Can a new life start while asleep?

A tenderness I hadn’t known in years wrapped around me, a warmth like hidden furs cradling me in unimaginable coziness. For a moment, my body felt light and free of pain, and my mind was clear of all worries. I wanted to savor this luxury, yet a small voice within wondered if this calm was as peaceful as it seemed.
The brightness of clouds encircled me, their sheer whiteness sharp enough to make me squint. As I adjusted my gaze, a deep sorrow welled in my chest. This beautiful, endless white assured me that I had died again.
Reluctantly, I rose from my comfort, but the strength to move left me as quickly as it had come. My body fell back into the resting place, my vision fixed on a distant figure. A tightness throbbed in my chest, sharp and relentless. Uncontrollably, a tear slipped down my cheek.
A man emerged from the glow, gliding forward, his white suit crisp against the dazzling light. I waited, heart pounding, though I had no idea who he was. Yet, every step he took filled me with excitement and longing. As he drew nearer, more tears began to fall, as if they were a silent signal to him. In anticipation, I sat up. But just as I did, he paused.
Murmured words echoed as his lips moved, and I struggled to make them out. I stood, straining to hear, the urgency in his whispers stirring a sudden and piercing fear within me. I stumbled forward, desperate to hear him, to see him. But my steps faltered; my knees buckled. And then, just like that—he vanished.
My head felt heavy, so I let it drop. My eyelids were weak, so I allowed them to rest, and my body numbed with grief, so I let it mourn. I’d lost all willingness to engage in any fight to understand what was happening to me. I never felt such loss, as if my soul had also disappeared.

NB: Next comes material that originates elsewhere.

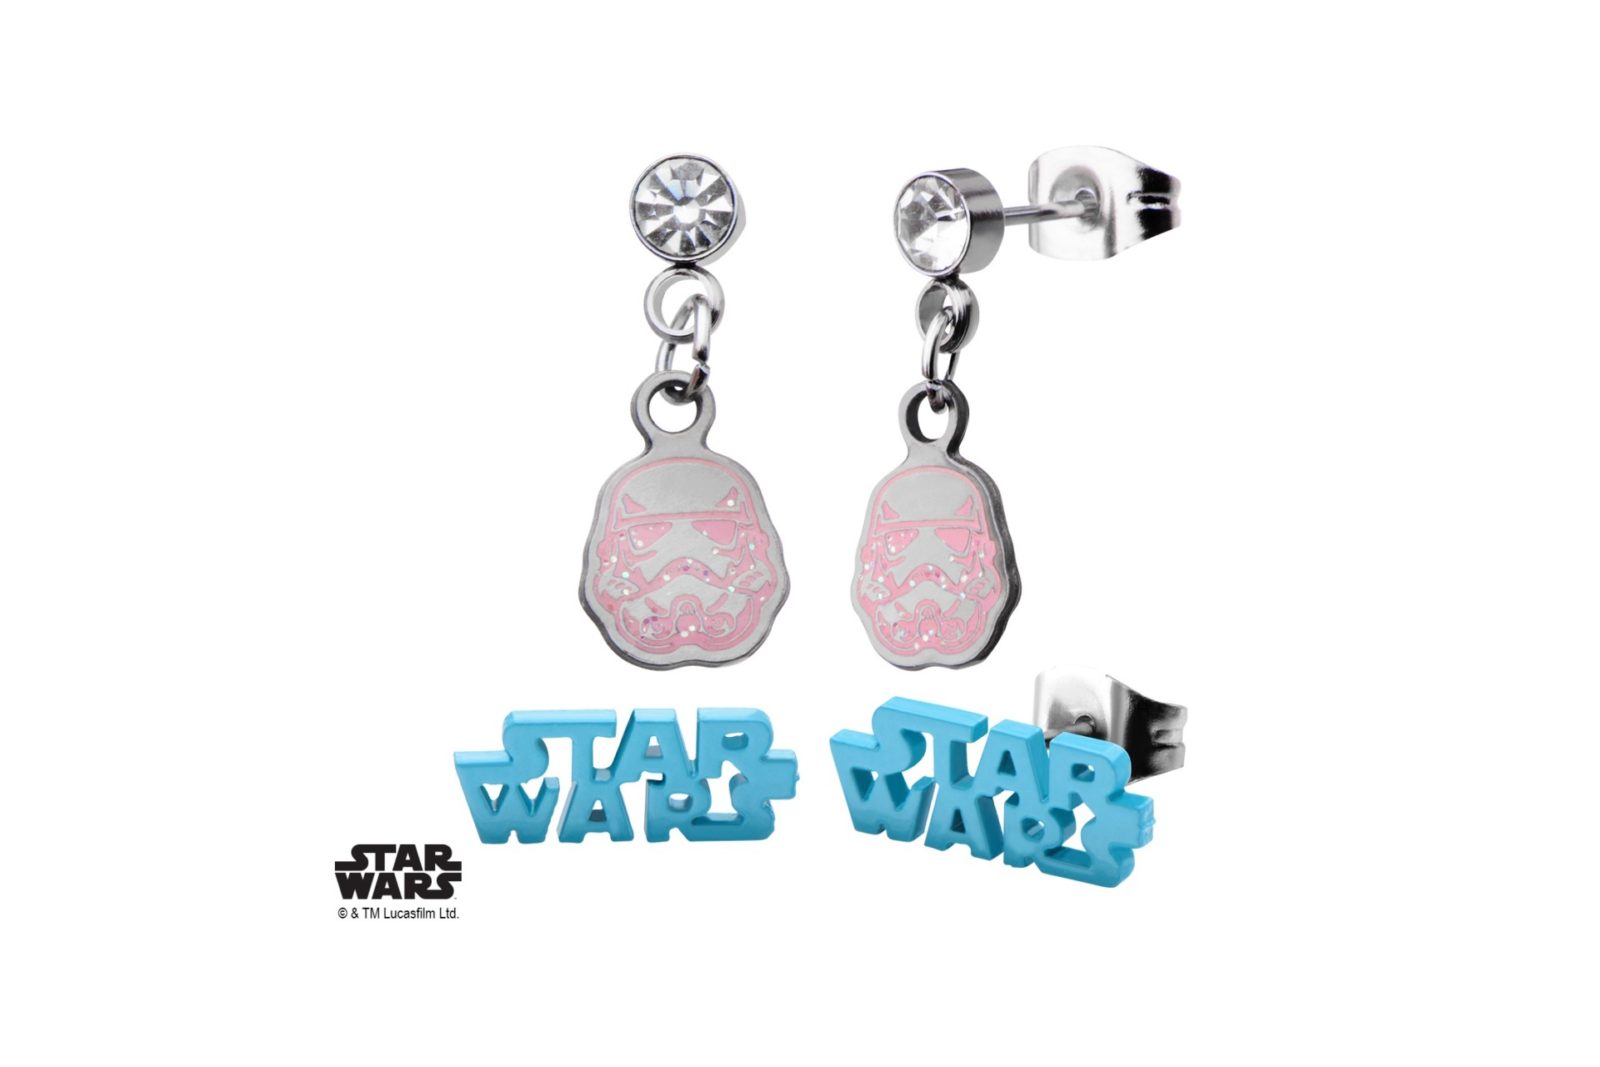 New Body Vibe x Star Wars earring set

A harsh breeze pushed me onto my back. Somehow, I thought the clouds would catch me as I fell back into the safety and security that had once embraced me so tenderly. I was wrong. As I fell, endless and alone, a strange acceptance settled over me. Of what? The end, of course. As the clouds became distant, so did my existence. My last thought was a quiet plea: Will we meet again, my faceless prince?"